Cómo se construye un modelo pequeño

Pese a su bajo peso, estos modelos no son una tecnología distinta de la de los modelos gigantes, dice Rovai. Muchos se crearon igual que la versión móvil del escáner de Alonge: mediante "poda", es decir, quitando los parámetros que no participaban en la tarea. El resultado es un sistema menos capaz en general, pero muy bueno en el trabajo específico para el que fue podado.

Otros modelos pequeños se crean por "destilación": se entrenan para imitar a un modelo grande hasta que su desempeño se acerca al de su "maestro". En otros casos se reduce la precisión de un modelo mayor, por ejemplo para que uno pensado para arquitectura de 32 bits corra en diseños de 8 bits. Y cuando la aplicación sirve para clasificar datos o predecir patrones, como una plaga de hormigas, se entrena desde cero en un dispositivo pequeño, sin derivar de un modelo mayor.

Por qué se está volviendo más fácil

Correr todos estos sistemas especializados es cada vez más simple, dice Rovai, por dos razones. La primera es que el hardware mejora y gana capacidad mientras consume menos energía. Cada vez más teléfonos pueden correr IA pequeña, sobre todo los equipados con unidades de procesamiento neuronal, chips especializados que manejan tareas de IA como el reconocimiento facial. En 2025, algo más de un tercio de todos los smartphones vendidos en el mundo eran capaces de correr IA generativa, y esa cifra llegará al 45% a fin de este año, según la firma de investigación Counterpoint. Para fines del próximo año, algo más de la mitad de los smartphones podrá correr un modelo de IA pequeña.

La segunda razón es la huella cada vez menor de los modelos de lenguaje. Tanto Gemma 4 de Google DeepMind, lanzado en abril, como Qwen 3.5 de Alibaba son "fantásticos" para IA pequeña, dice Rovai. Ambos son de "pesos abiertos", lo que permite a los usuarios ajustar las conexiones entre parámetros a su medida. Eso facilita, por ejemplo, "tomar muchos datos de, digamos, la industria lechera y reentrenar el modelo específicamente en eso".

Rovai ilustró estas razones en una videollamada con uno de sus experimentos más recientes.
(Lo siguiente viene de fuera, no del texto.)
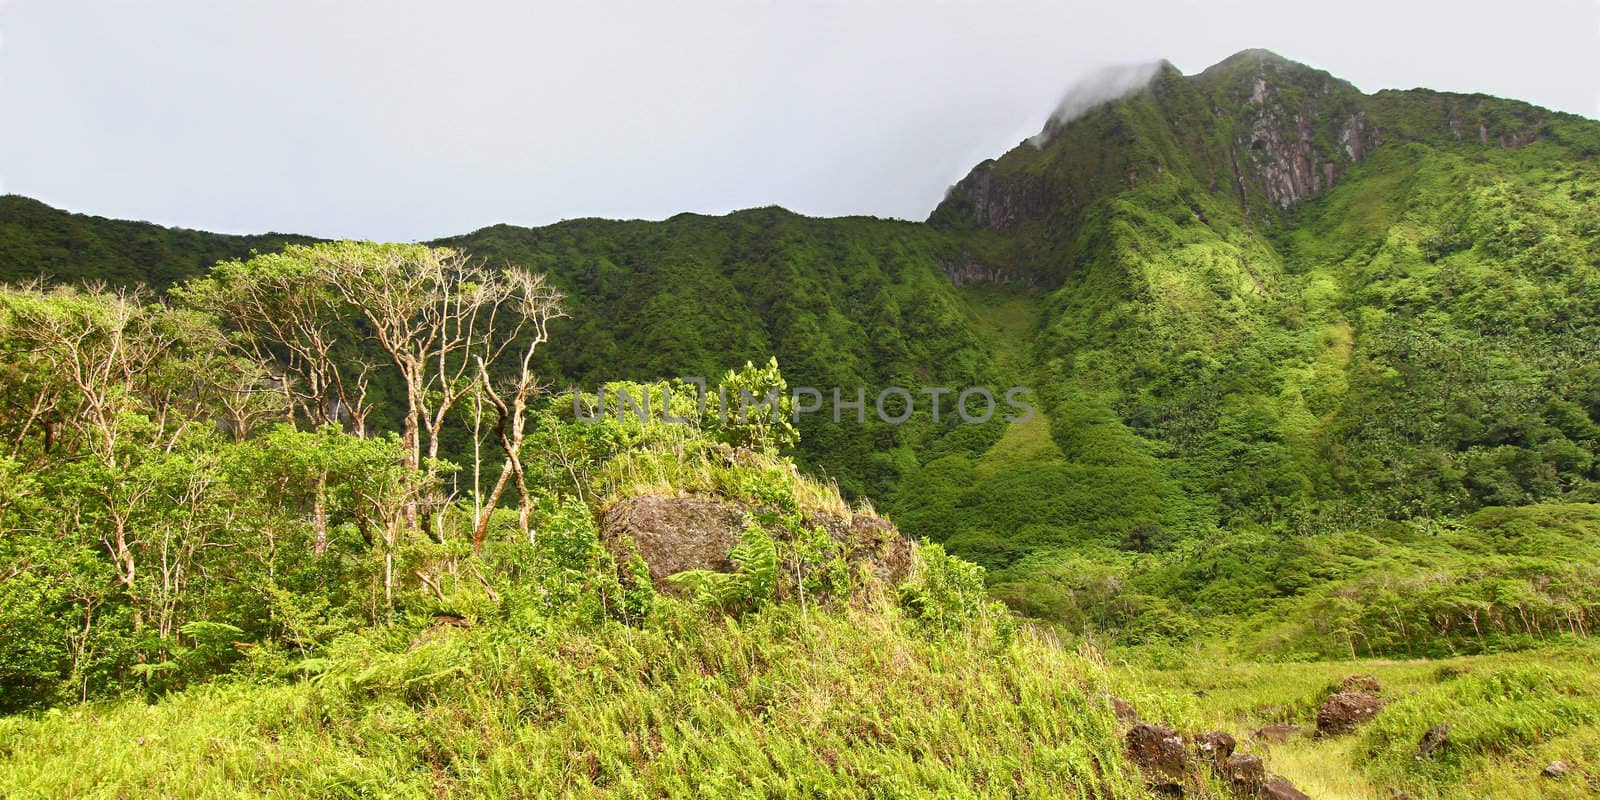 View of Mount Liamuiga from the bottom of The Crater of Saint Kitts.

Sosteniendo un dispositivo, dijo: "Este es el nuevo Arduino UNO Q, un aparato de 50 dólares con un chipset de Qualcomm. Aquí corro un modelo de lenguaje que recoge datos de sensores y los analiza para detectar pequeñas pozas de agua donde podrían criarse mosquitos. Consume 3 watts."

Quién impulsa el desarrollo

Convencido de que millones de personas ya se benefician de estas aplicaciones, el Banco Mundial promueve activamente la IA pequeña con subvenciones, programas de mentoría, financiamiento, asesoría técnica y modelos de política pública favorables a su desarrollo. En Ruanda, por ejemplo, respalda un programa gubernamental para ayudar a hogares de bajos ingresos a conseguir dispositivos capaces de correr IA.

Con todo, nadie afirma que los grandes modelos de lenguaje vayan a desaparecer. Crear una IA generativa capaz de correr en un teléfono requiere las ideas de arquitectura, el procesamiento de datos y los resultados de un modelo mayor, dice Rovai. "Necesitamos los modelos grandes para crear estos modelos pequeños."